Re: taking top k values of rdd
Right. That is unavoidable unless as you say you repartition into 1 partition, which may do the trick. When I say send the top k per partition I don't mean send the pq but the actual values. This may end up being relatively small if k and p are not too big. (I'm not sure how large serialized pq is). — Sent from Mailbox On Sat, Jul 5, 2014 at 10:29 AM, Koert Kuipers ko...@tresata.com wrote: hey nick, you are right. i didnt explain myself well and my code example was wrong... i am keeping a priority-queue with k items per partition (using com.twitter.algebird.mutable.PriorityQueueMonoid.build to limit the sizes of the queues). but this still means i am sending k items per partition to my driver, so k x p, while i only need k. thanks! koert On Sat, Jul 5, 2014 at 1:21 PM, Nick Pentreath nick.pentre...@gmail.com wrote: To make it efficient in your case you may need to do a bit of custom code to emit the top k per partition and then only send those to the driver.
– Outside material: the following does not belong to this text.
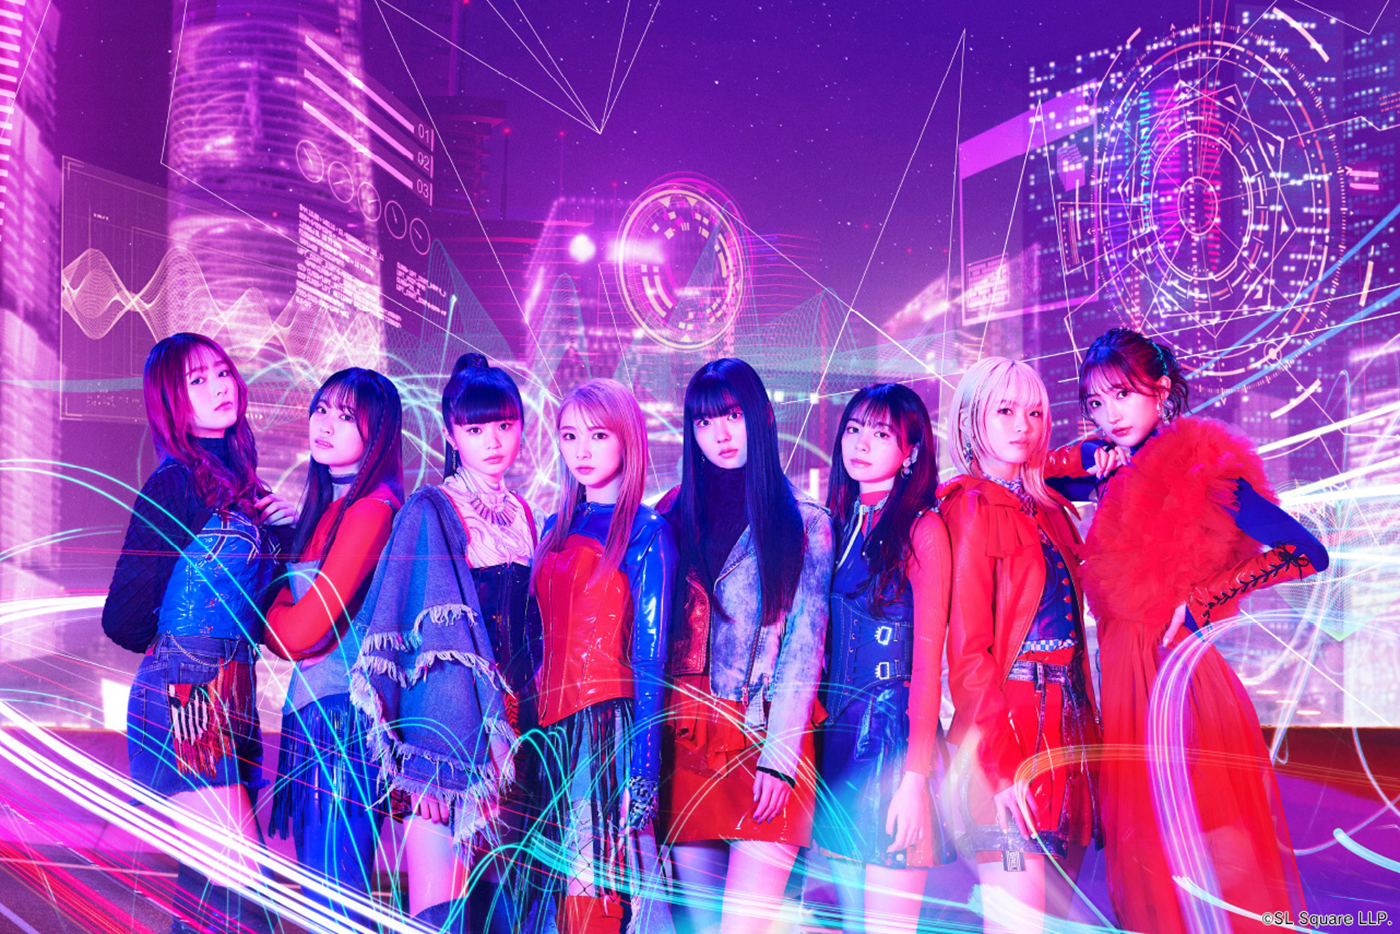 Girls²、恒例の人気コラボイベント『Girls² Park 2023』がさがみ湖リゾート プレジャーフォレストにて開催決定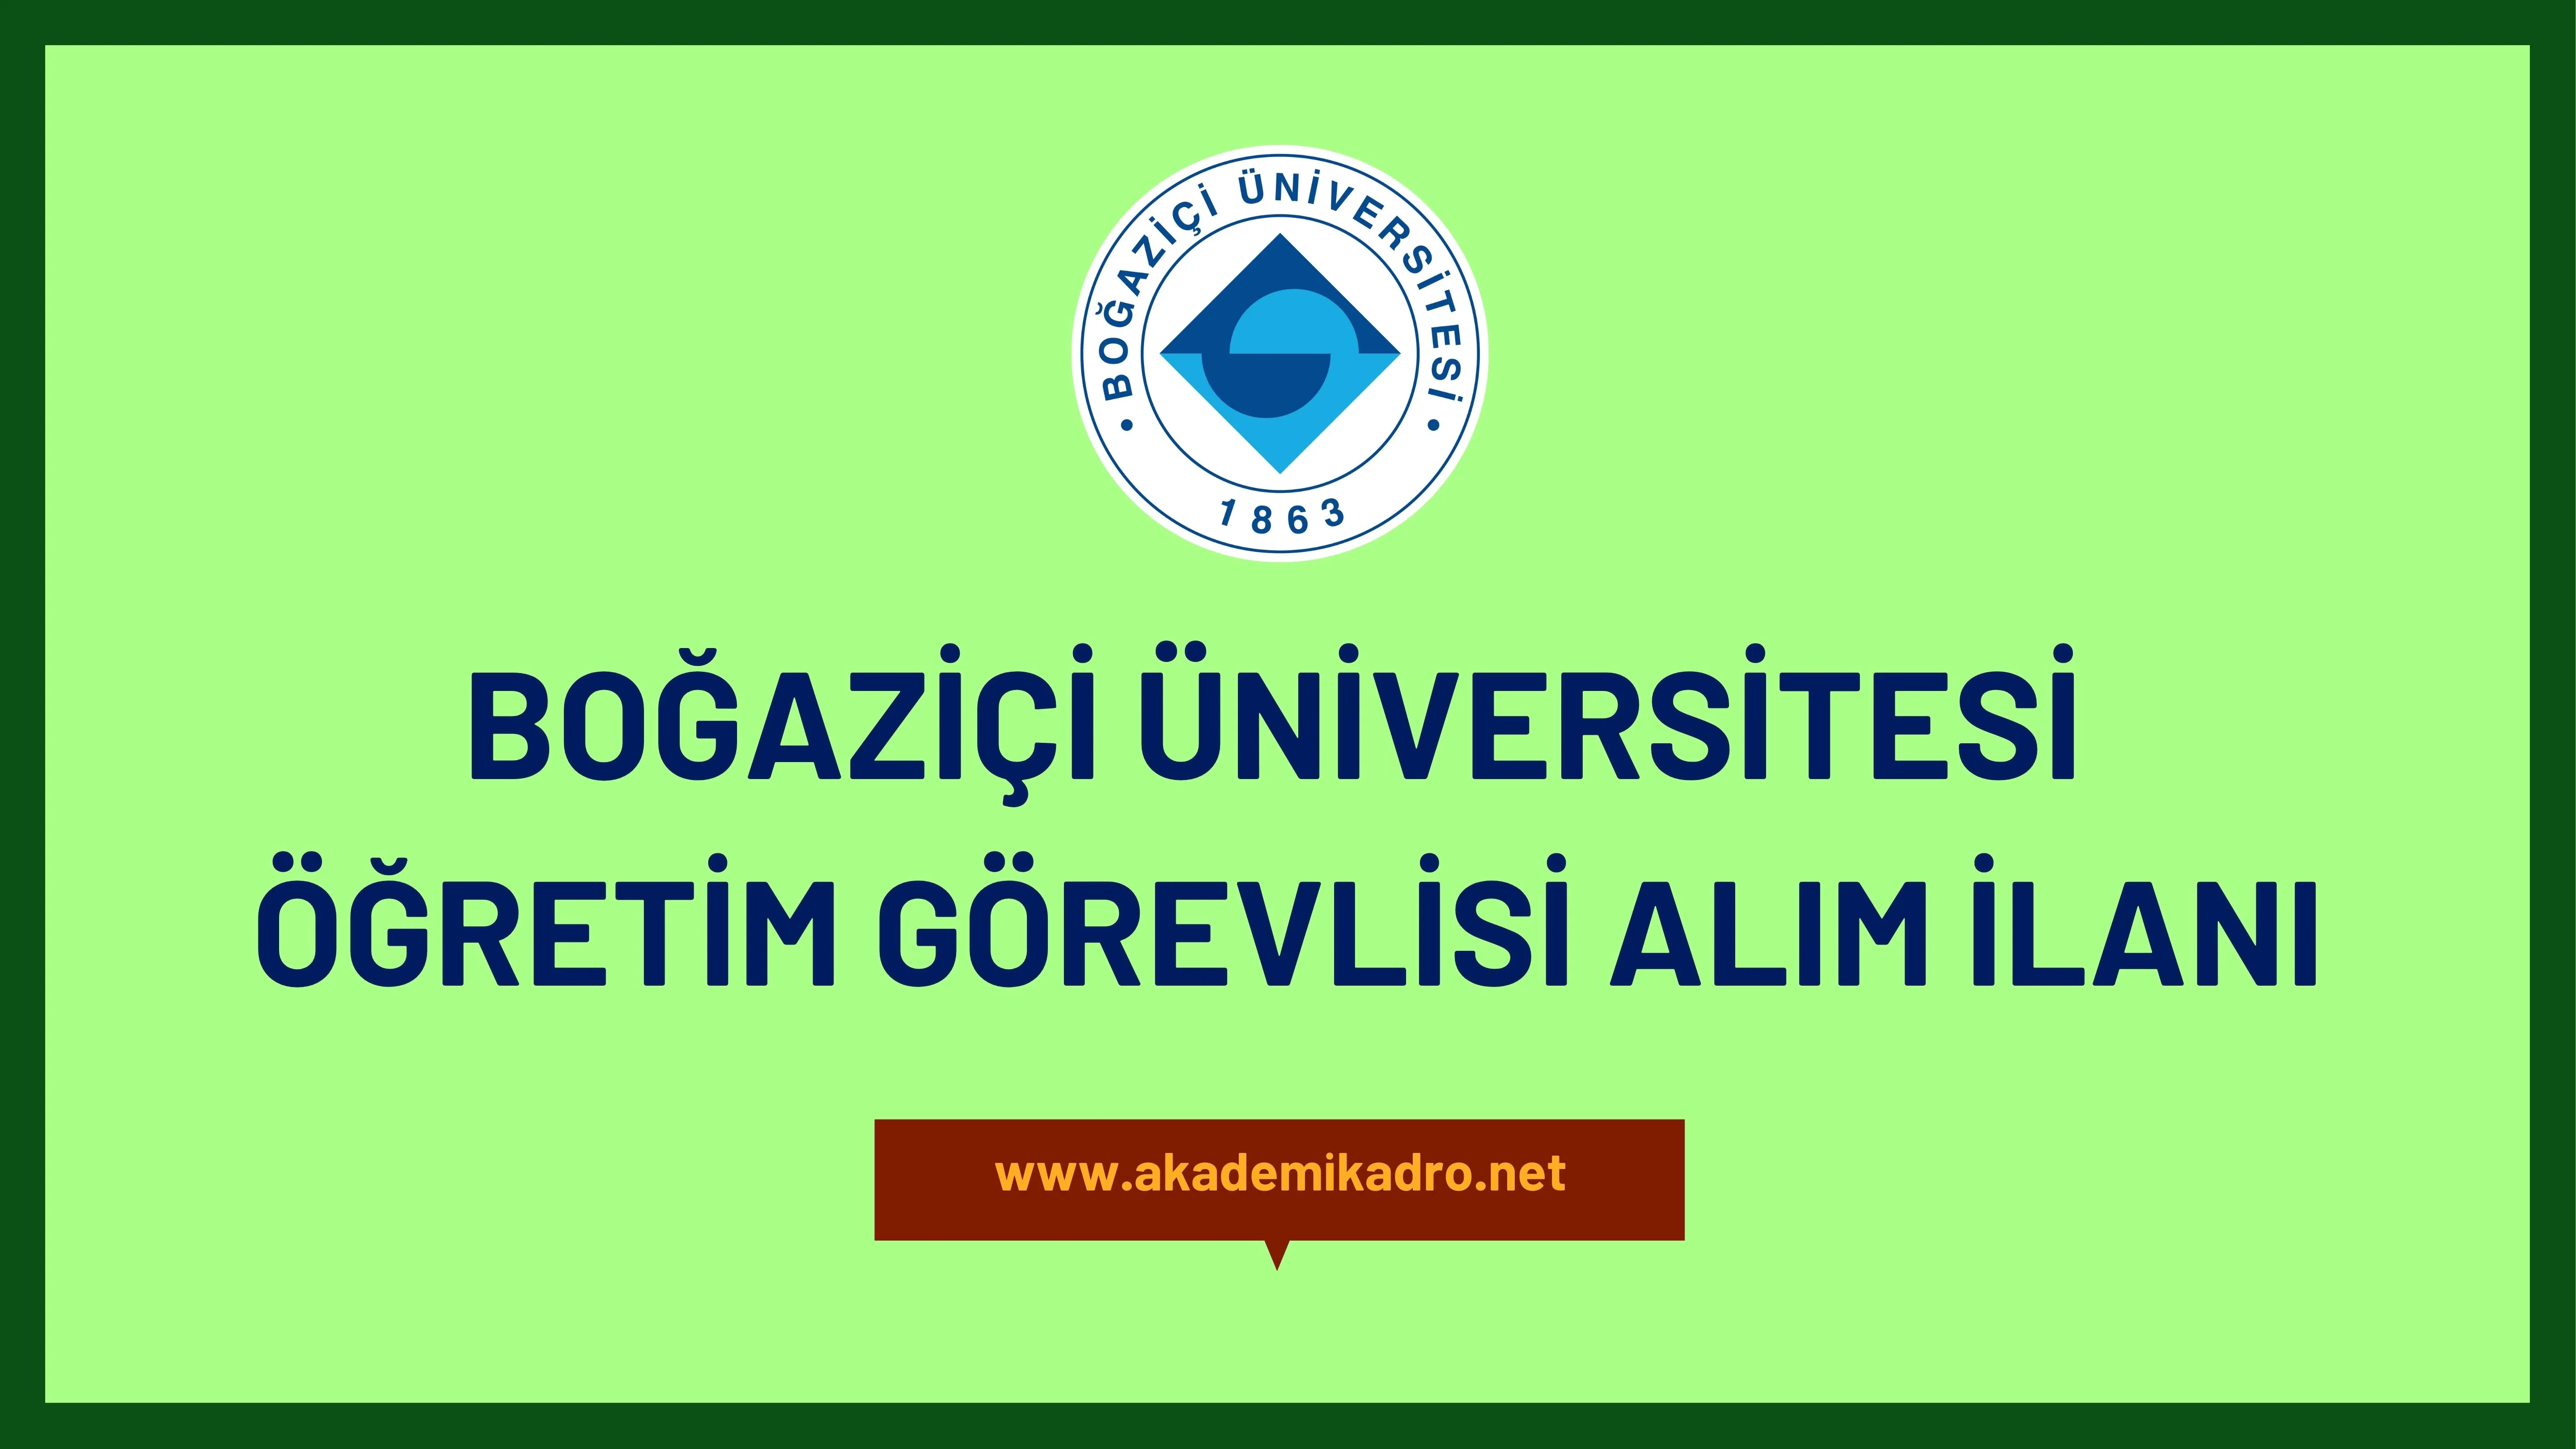 Boğaziçi Üniversitesi çeşitli branşlarda 3 Öğretim görevlisi alacak.

On the driver you can just top k the combined top k from each partition (assuming you have (object, count) for each top k list). — Sent from Mailbox https://www.dropbox.com/mailbox On Sat, Jul 5, 2014 at 10:17 AM, Koert Kuipers ko...@tresata.com wrote: my initial approach to taking top k values of a rdd was using a priority-queue monoid. along these lines: rdd.mapPartitions({ items = Iterator.single(new PriorityQueue(...)) }, false).reduce(monoid.plus) this works fine, but looking at the code for reduce it first reduces within a partition (which doesnt help me) and then sends the results to the driver where these again get reduced. this means that for every partition the (potentially very bulky) priorityqueue gets shipped to the driver. my driver is client side, not inside cluster, and i cannot change this, so this shipping to driver of all these queues can be expensive. is there a better way to do this? should i try to a shuffle first to reduce the partitions to the minimal amount (since number of queues shipped is equal to number of partitions)? is was a way to reduce to a single item RDD, so the queues stay inside cluster and i can retrieve the final result with RDD.first?
Re: How to parallelize model fitting with different cross-validation folds?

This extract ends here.